| The task |
Copy exactly the lines from the first line of the records below through the line containing "New 2023 Hyundai Santa Fe Wright Way Hyundai", including both, and nothing else.

| Records for this task |
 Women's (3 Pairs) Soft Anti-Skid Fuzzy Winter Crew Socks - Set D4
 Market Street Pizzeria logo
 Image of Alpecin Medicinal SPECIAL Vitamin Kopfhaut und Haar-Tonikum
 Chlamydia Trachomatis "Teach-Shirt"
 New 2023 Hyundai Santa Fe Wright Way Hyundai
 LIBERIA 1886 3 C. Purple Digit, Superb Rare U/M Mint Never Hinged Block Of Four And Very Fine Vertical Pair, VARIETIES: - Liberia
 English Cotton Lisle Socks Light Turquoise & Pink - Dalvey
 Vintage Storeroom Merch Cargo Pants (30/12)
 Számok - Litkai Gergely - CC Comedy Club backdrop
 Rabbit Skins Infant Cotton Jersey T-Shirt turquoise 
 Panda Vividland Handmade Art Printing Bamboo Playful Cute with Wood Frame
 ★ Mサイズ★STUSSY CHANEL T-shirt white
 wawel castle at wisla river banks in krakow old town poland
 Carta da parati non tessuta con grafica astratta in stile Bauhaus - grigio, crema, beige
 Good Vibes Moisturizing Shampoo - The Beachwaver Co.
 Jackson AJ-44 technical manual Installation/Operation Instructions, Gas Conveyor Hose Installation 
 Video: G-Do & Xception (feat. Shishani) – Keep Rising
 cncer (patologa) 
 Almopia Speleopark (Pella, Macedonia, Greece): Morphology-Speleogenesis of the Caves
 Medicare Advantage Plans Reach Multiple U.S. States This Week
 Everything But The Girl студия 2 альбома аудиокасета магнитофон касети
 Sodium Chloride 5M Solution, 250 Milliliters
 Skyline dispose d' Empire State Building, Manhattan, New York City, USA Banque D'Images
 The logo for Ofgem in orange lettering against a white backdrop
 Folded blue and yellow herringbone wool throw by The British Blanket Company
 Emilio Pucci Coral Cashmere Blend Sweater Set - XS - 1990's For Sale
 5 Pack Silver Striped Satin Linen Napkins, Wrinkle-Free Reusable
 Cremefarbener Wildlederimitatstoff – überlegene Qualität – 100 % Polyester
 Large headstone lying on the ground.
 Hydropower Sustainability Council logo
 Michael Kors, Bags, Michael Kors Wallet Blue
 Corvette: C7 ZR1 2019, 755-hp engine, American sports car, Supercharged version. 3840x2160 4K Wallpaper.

| Answer below |
 Women's (3 Pairs) Soft Anti-Skid Fuzzy Winter Crew Socks - Set D4
 Market Street Pizzeria logo
 Image of Alpecin Medicinal SPECIAL Vitamin Kopfhaut und Haar-Tonikum
 Chlamydia Trachomatis "Teach-Shirt"
 New 2023 Hyundai Santa Fe Wright Way Hyundai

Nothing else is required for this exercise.